Thursday, February 28, 2013

The Next Big Thing: I Go Viral

"The Next Big Thing" has been going around for a few weeks now like a flu you hope to get. Part chain letter, part credo, authors are asked to respond to ten questions AND to tag five more writers to do the same.  I was tagged by poet and fiction writer Rachel Dacus (click Here for her Q/A).

Here I go:
 
What is the title of your book?
It's not a book, it's a chapbook:  I Feel Good.

Where did the idea for the book come from?
Grammar, as in the direct-address comma.

What genre is your book?
 E-chapbook of poems, swashingbuckling epic, romance novel with a frisson of manifesto, a hint of saffron.

If your book were made into a movie, what actors would you choose to play the part of your characters?
Penélope Cruz as Jezebel.

What is a one-sentence synopsis of your book?
You can't win, so try.

How long did it take you to write the first draft of the manuscript?
It came in winds, not drafts.

Who or what inspired the writing of your book?
The philosophy of Sun Ra; the musical stylings of Swedenborg; the grandeur and compassion of Emma Goldman.

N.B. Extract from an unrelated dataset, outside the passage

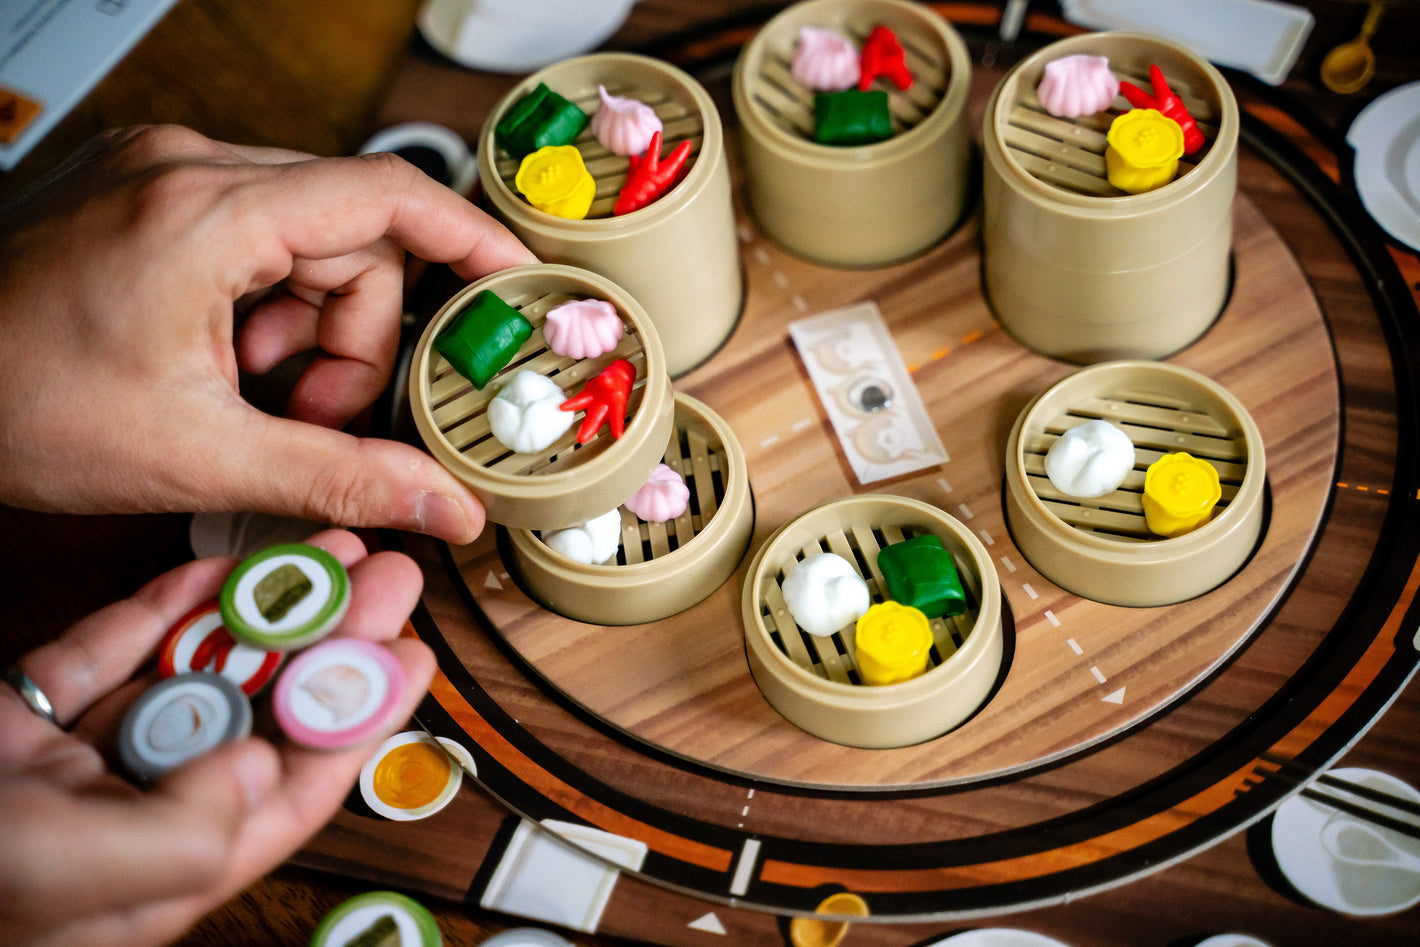 Purchase steamers with Dim Sum using food tokens

What else about your book might pique the reader’s interest?
Poem #1 is "You, Jezebel" (note direct-address comma). In its own way, this poem questions the habitual and age-old vilification of Jezebel, Ahab's wife who was greatly misrepresented by history, which, it turns out, is written by historians who are hired by the victors. Such as the victory was. Get a clue, history. No one wins for long, or in the long run. Jezebel, for instance, was not unspiritual nor a-religious. She continued to worship goddesses and gods of her parents, and that served as insult and vexing provocation to Mr. Deuteronomy.

Who published or will publish your book?
It will be published in the next few months by Beard of Bees, Eric Elshtain, editor.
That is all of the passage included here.